На следующий день нас ждала расплата за случившееся после рассветного миньяна. Почти всем поставили прогулы (выяснилось, что это минус полбалла от средней оценки успеваемости за полугодие), а Оливера, Донни и Эвана еще и оставили на полдня после уроков за то, что они вчера вообще не явились в школу. Меня почему-то не наказали – может, и к худшему, так как это дало пищу для неприятных сплетен.

– То есть как это тебе не влепили прогул? – спросил Эван, сидя на обычном месте на балконе.

Сворачивающий косяк Оливер поднял глаза:

– Как такое возможно?

Мне пришлось сидеть на полу, шезлонга у меня так и не было.

– Я пришел на Танах.

– Именно, – сказал Оливер, – и это, позволь напомнить, было очень нечестно с твоей стороны.

– Тебе-то что за дело? – Ноах развернул высокопитательный протеиновый батончик. Его мать считала, что перед началом баскетбольного сезона ему необходимо набрать мышечную массу. По правде говоря, я не понимал, куда еще больше, но мои соображения на этот счет вряд ли кого-то волнуют – какой из меня культурист? – Радоваться надо, что ему повезло. Жаль, что мне не повезло.

Эвана его слова не убедили; он повернулся ко мне:

– Я слышал, ты говорил с Блумом.

Я нахмурился, выпрямил ноги.

– И что?

– Что ты делал у него в кабинете?

– Он вызвал меня к себе.

– Зачем?

– Поговорить, – нервно ответил я.

Амир поднял глаза от учебника по физике, встревоженно посмотрел на Эвана.

– О чем?

На миг я подумал, не рассказать ли Эвану о совете, который дал мне Блум. Наверное, мы посмеялись бы и это разрядило бы обстановку.

– О том о сем.

– Как мило. – Эван холодно улыбнулся. – О политике? О социологии? Он дал тебе понять, что ты особенный?

– Эван, – вмешался Амир, – остынь.

– Почему тебя это так волнует? – удивился я. – Он просто хотел познакомиться со мной поближе.

– На твоем месте я был бы осторожнее. – Эван взял протянутый Оливером косяк. – Ему соврать как нефиг делать.

– Господи, Эв. – Ноах жевал уже второй батончик. – Чего ты вдруг взъелся на Блума?

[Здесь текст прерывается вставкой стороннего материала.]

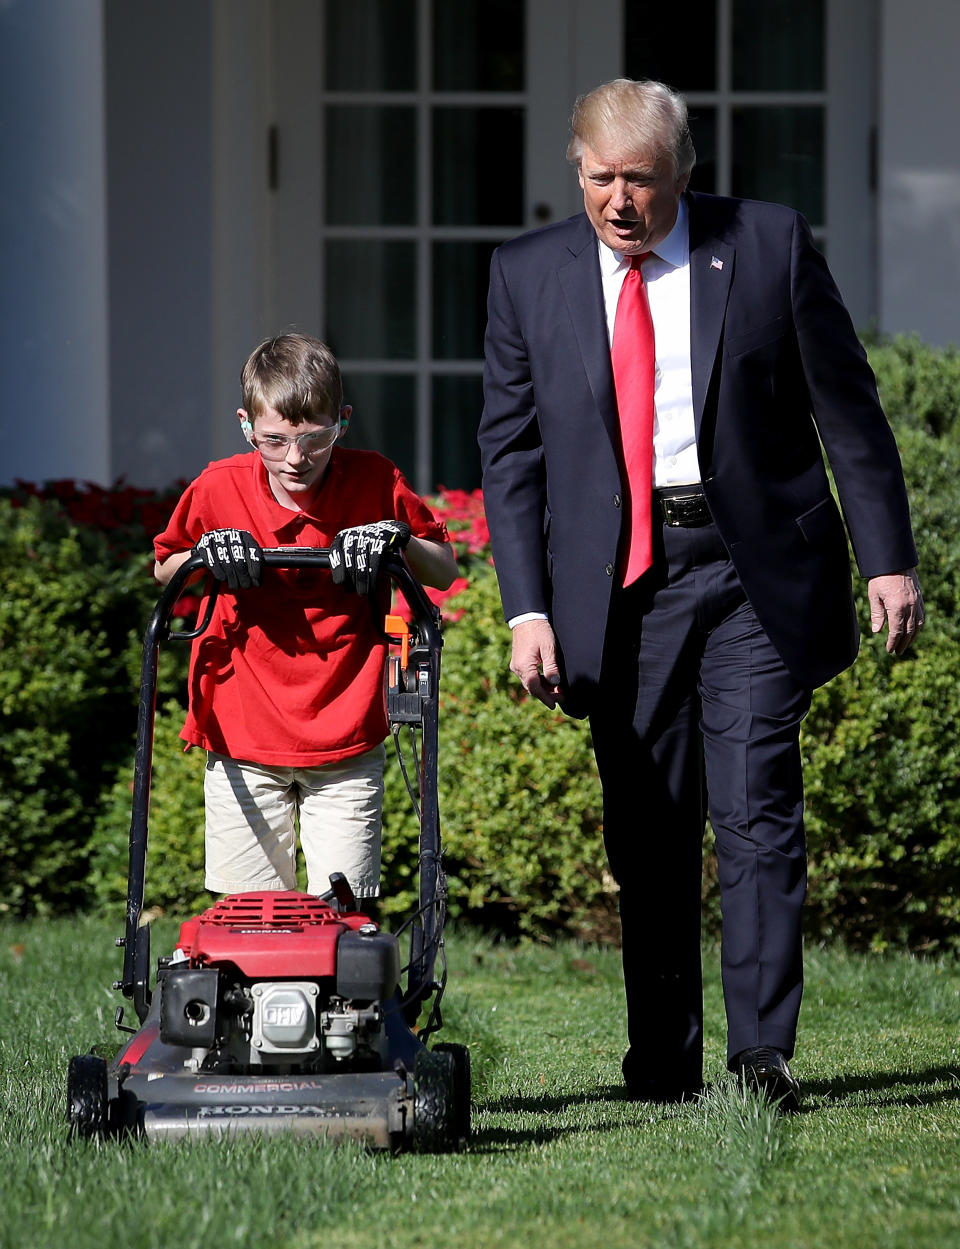 <p>President Donald Trump (R) walks with 11-year-old Frank “FX” Giaccio (L) while he mows the grass in the Rose Garden of the White House September 15, 2017 in Washington, DC. Giaccio, from Falls Church, Virginia, who runs a business called FX Mowing, wrote a letter to Trump expressing admiration for Trump’s business background and offered to mow the White House grass. (Photo: Win McNamee/Getty Images) </p>
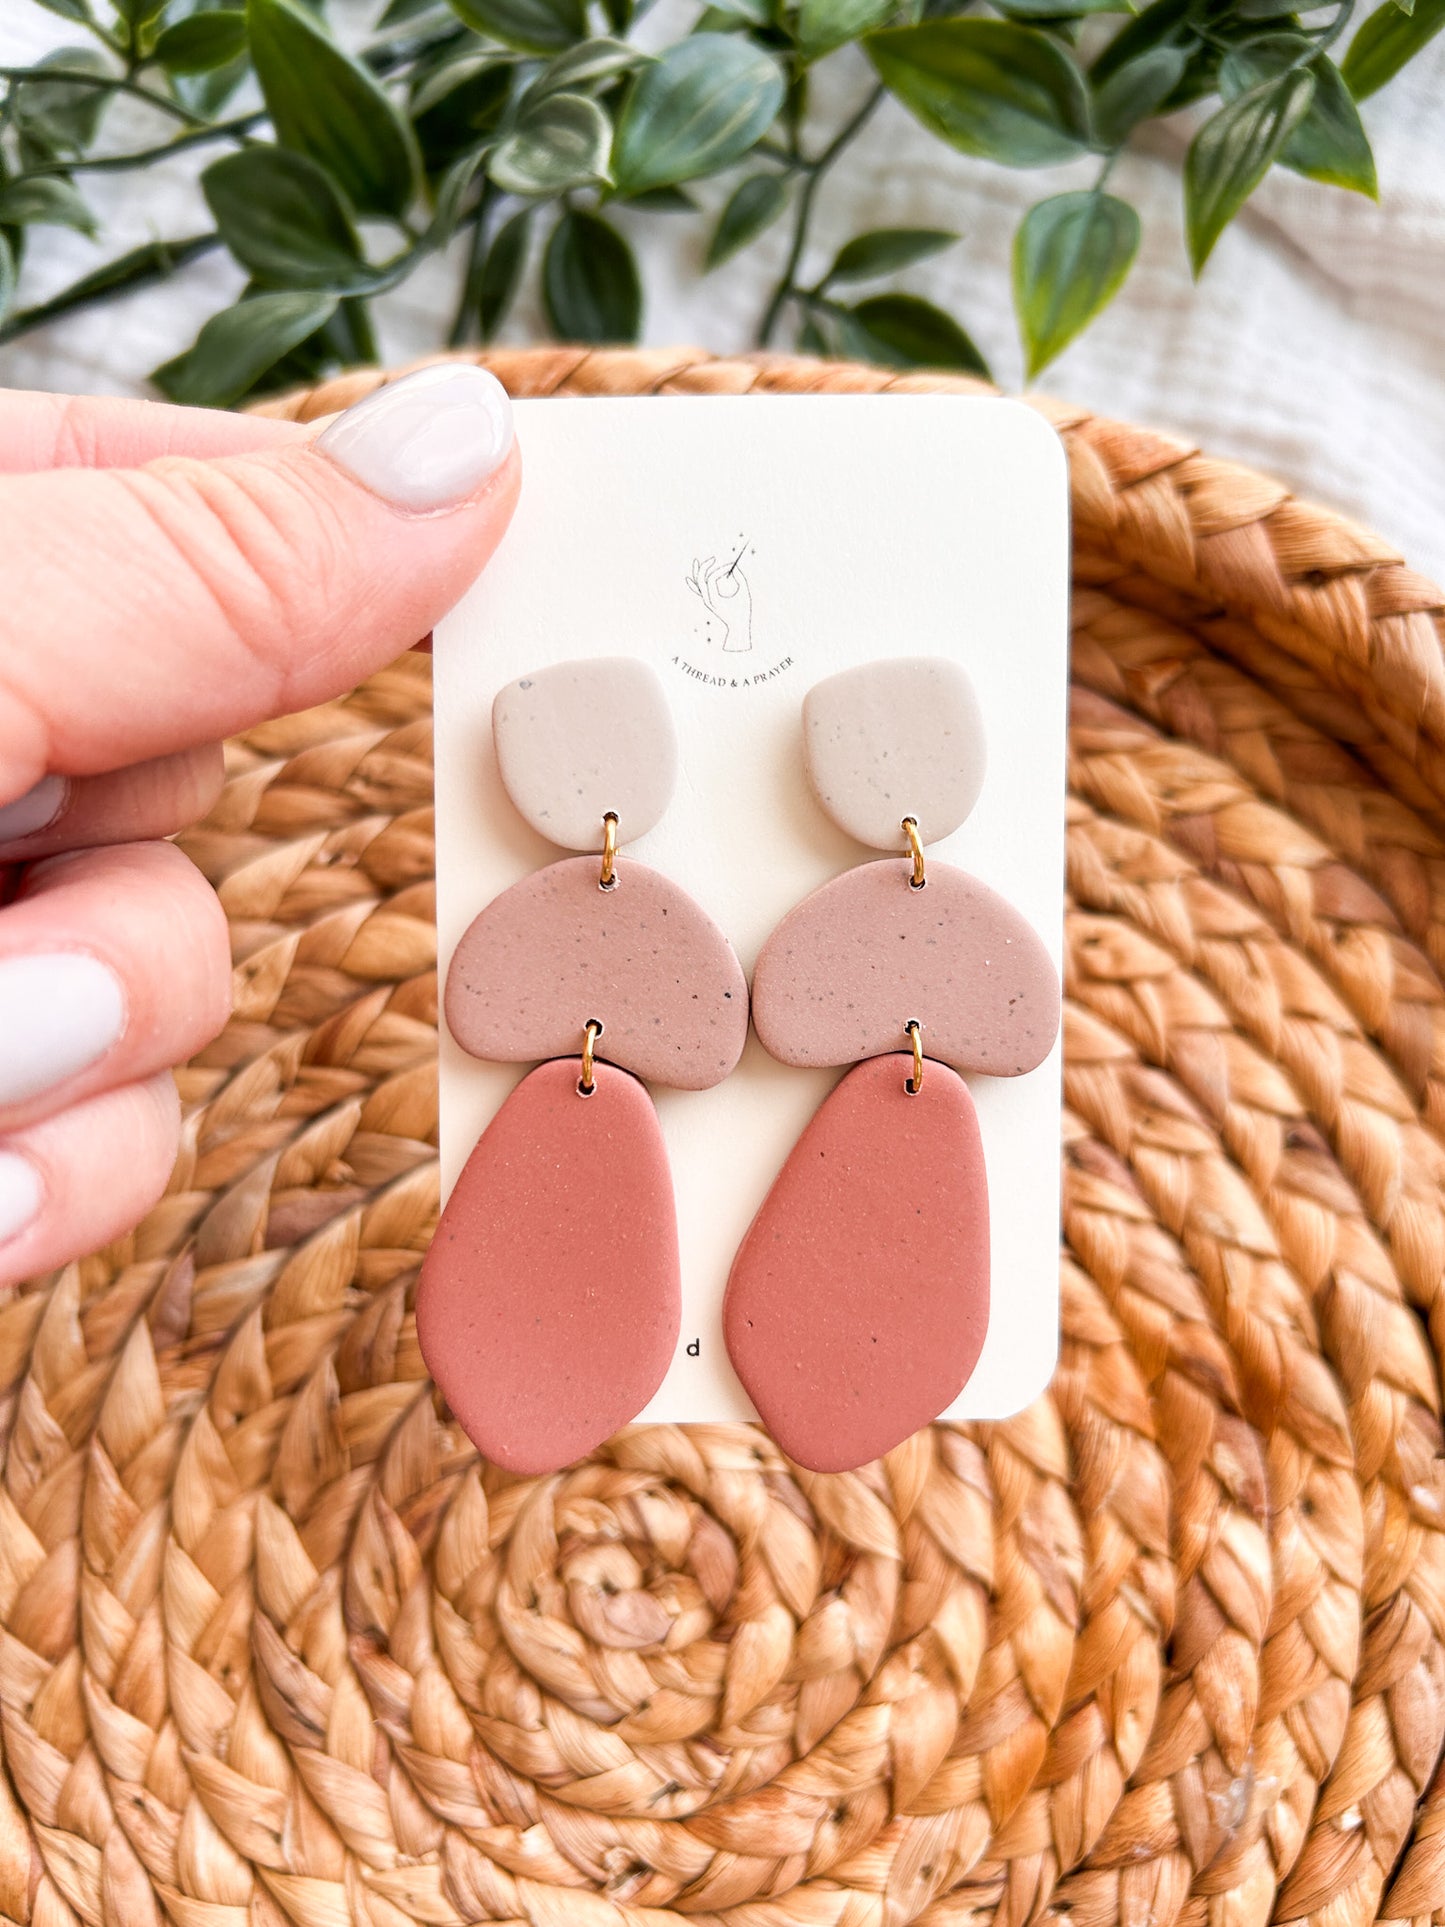 Soft Pink Romantic Dangle Polymer Clay Earrings | Spring Fashion | Spring Color Earrings | Statement Earrings | Lightweight

Вы же с ним обычно неразлучны.

– Просто странно, и все, – пояснил Эван.

Я настороженно прислонился к стене.

– Что странно?

– А то, – ответил Эван, – что с Блумом говорил только ты и только тебя не наказали – такое вот совпадение.

– Понятия не имею, о чем ты. Я ничего ему не сказал.

И это правда: когда Блум упомянул об Эване, я ничего не ответил и словом не обмолвился о вечеринке у Донни. Я не сделал ничего дурного – если, конечно, не считать предательством то, что я согласился прочитать Йейтса.

Прозвенел звонок, обеденный перерыв закончился.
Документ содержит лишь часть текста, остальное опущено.